Corbett is under siege, tourists have been asked to leave, all exit points have been sealed, and intensive combing operations and patrolling continues. At the time of writing the poachers, suspected to be five in number, are still believed to be in the Paterpani range of the Park, and each passing day increases the risk of their causing more carnage and slipping away. On Saturday (February 10), the carcass of one more tusker was discovered, and the tusks had been taken away.

This amounts to five tuskers killed and combing operations could reveal more carcasses that have not so far been discovered. The poachers are clearly hardened desperadoes, skilled in their nefarious craft, and no doubt they know the terrain well, or perhaps they have help from somebody who does. Speculation is rife on who the poachers could be, but it remains just that: speculation.

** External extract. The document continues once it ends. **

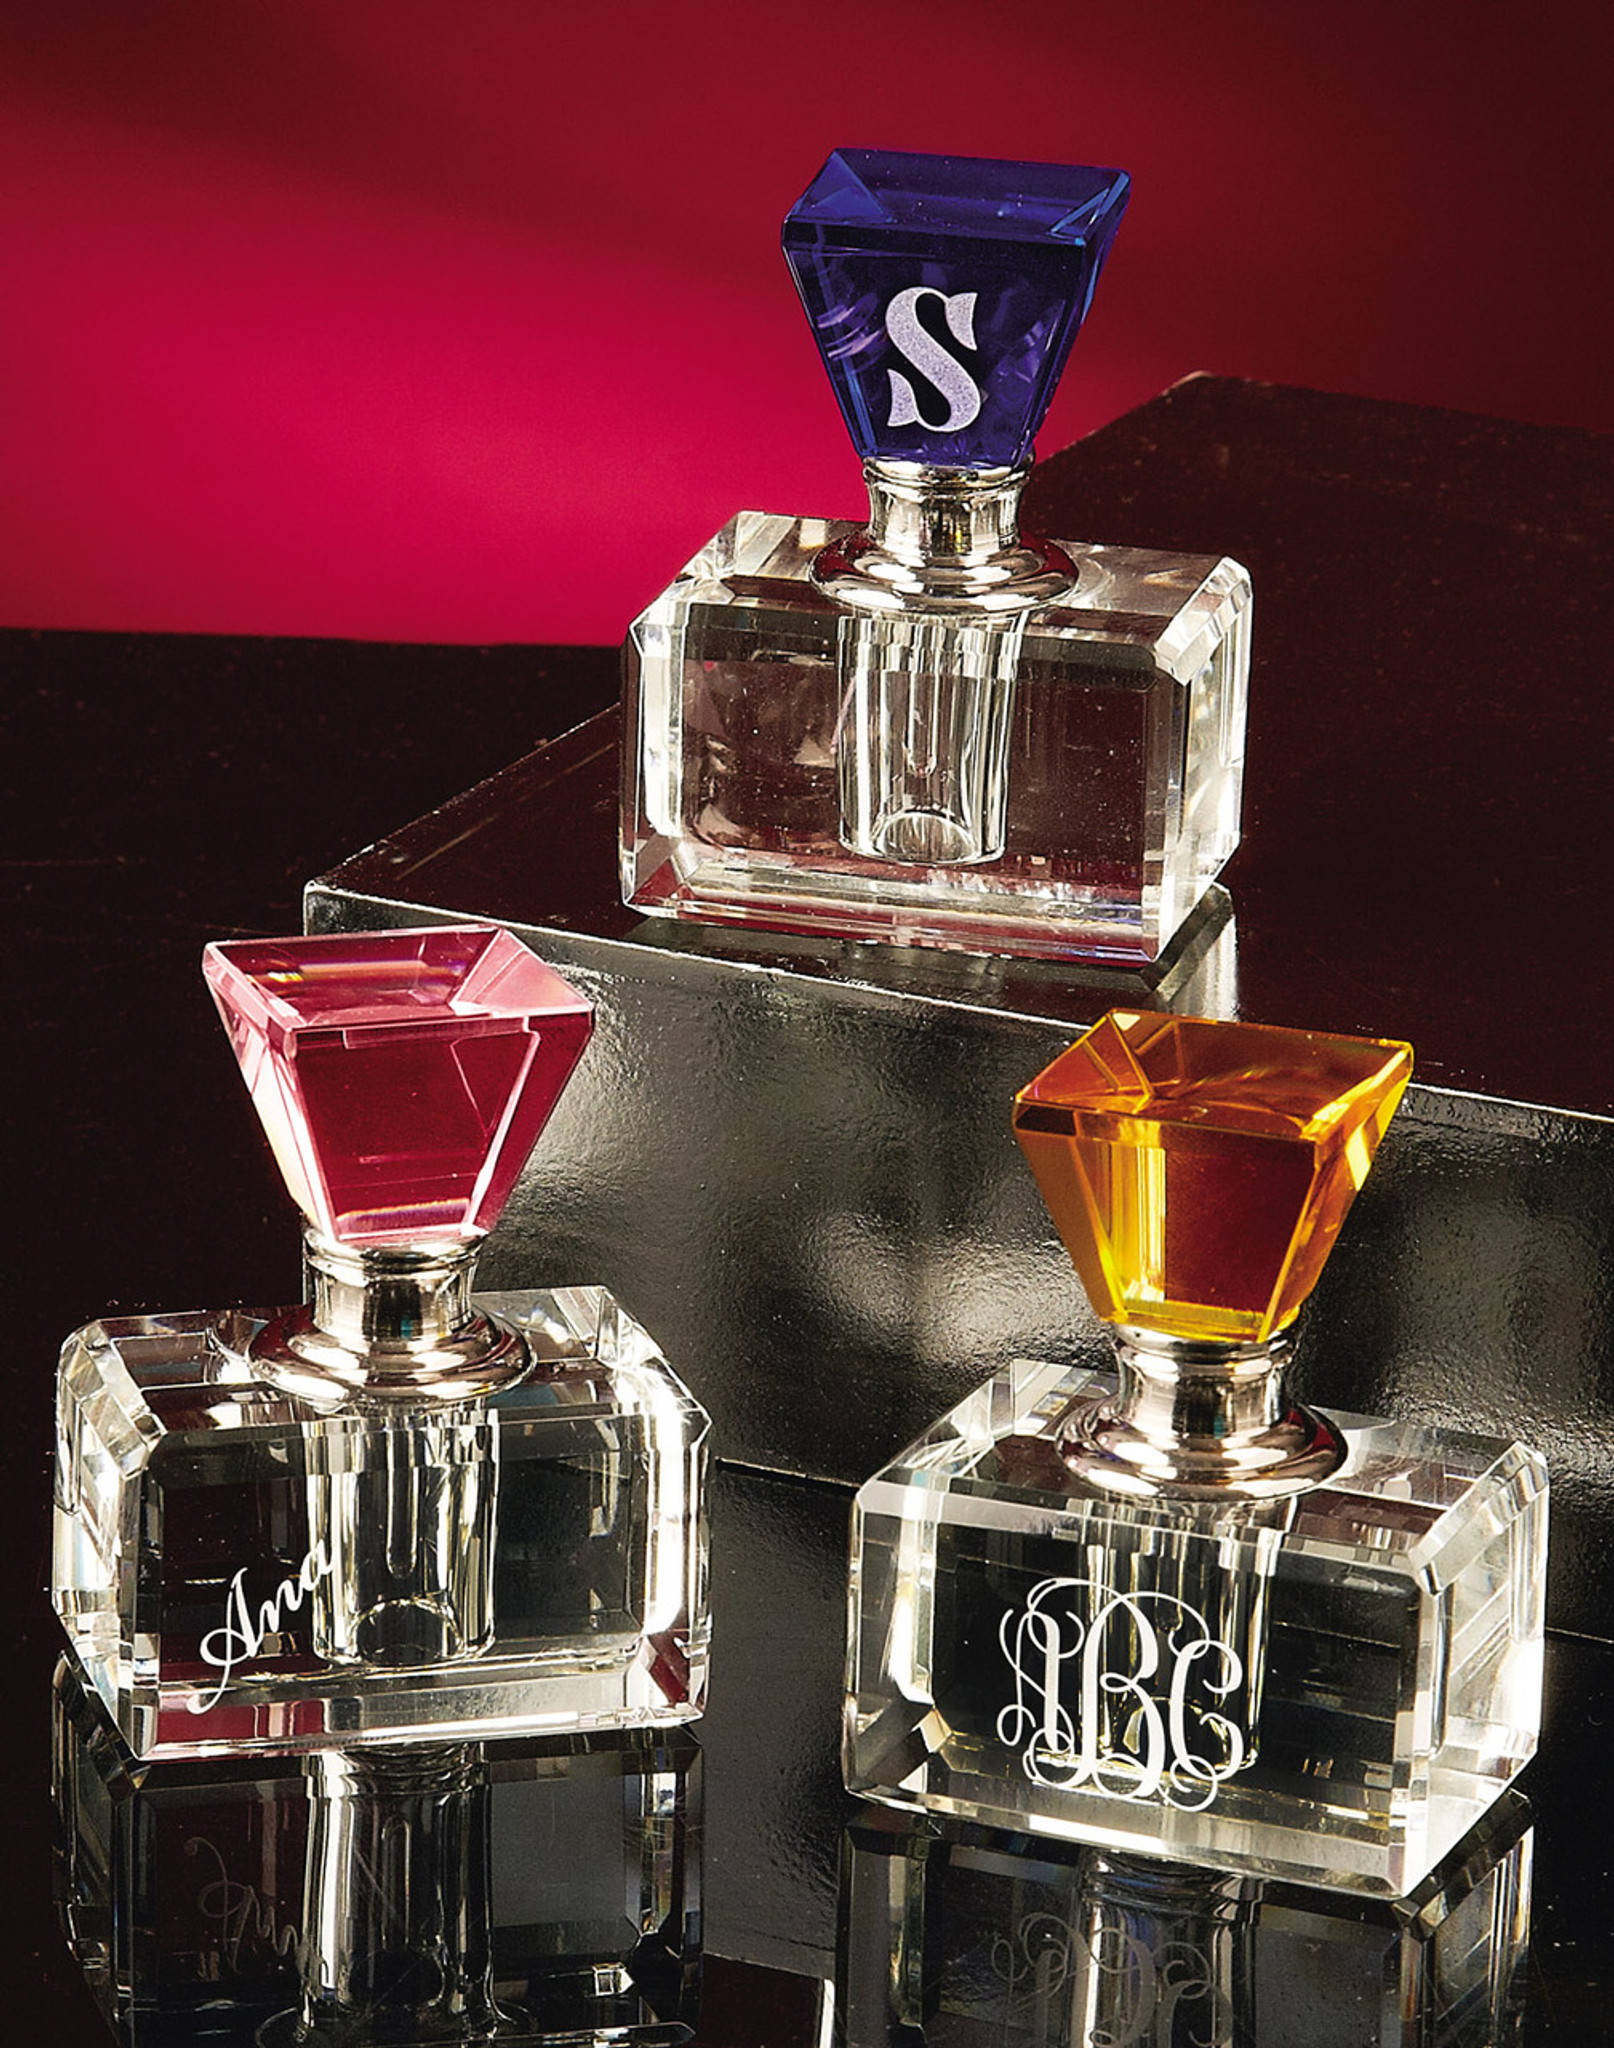 miniature set perfume

The scale of poaching in the Reserve is unprecedented. The first eight days of February alone have seen three deaths. The first tusker was gunned down on or around February 5, with a muzzle-loading gun using a steel rod as a projectile. The poachers, working through the night, succeeded in removing the tusks.

A second tusker was killed– it was found with two wounds– on February 8 near Paterpani in the core area, about 5 km from the Reserve’s southern boundary. With nearly 250 wildlife guards aided by police combing the forest, the carcass was quickly detected, preventing the poachers from removing the tusks. The terrain is heavily forested, hilly, and criss-crossed by rivulets and dry riverbeds, making combing operations a tough task.

Earlier, two male elephants had been killed in quick succession in the last week of December 2000– one each in the Jhirna range and near Bijrani. One was also killed as early as in October 2000 near Gairal, in the northern part of the Reserve, which makes it the sixth in recent months.

Postmortems of the latest victims have proved that the earlier theory as to the method of killing was wrong. The two December killings were earlier ascribed to the elephants having eaten balls of dough filled with small nails and shards of metal. It is now clear that all the animals were killed by a steel rod approximately 7 cm long, shaped like a steel file fixed in a wooden base, and fired from a muzzle loading gun. This steel rod has been discovered in the latest postmortems.

A poison was almost certainly placed in the grooves cut into the metal rod, but what the poison could be, is not known. According to one theory, it could be M-99 (immobiline), but this is unlikely, because it requires at least 10 cc of M-99 to kill an adult elephant. The metal rod had penetrated the muscle tissues. The elephant fled on being hit, and death took place probably no more than two to three hours later. The poachers followed and hacked away at the face after cutting away the trunk, to extract the every inch of the tusks from their base.

In March 1993 a tusker was killed in Rajaji National Park (Beriwala Range) using a somewhat similar technique. The steel rod was suspected to contain a poison called Abrin, derived from the berries of a plant named Abrus precatorius. However, Abrin is a slow-acting poison that takes five to seven days to kill the targeted animal. The earlier suspicion that a method of killing commonly used in South India had reached North India is probably not correct. It has been used in North India earlier.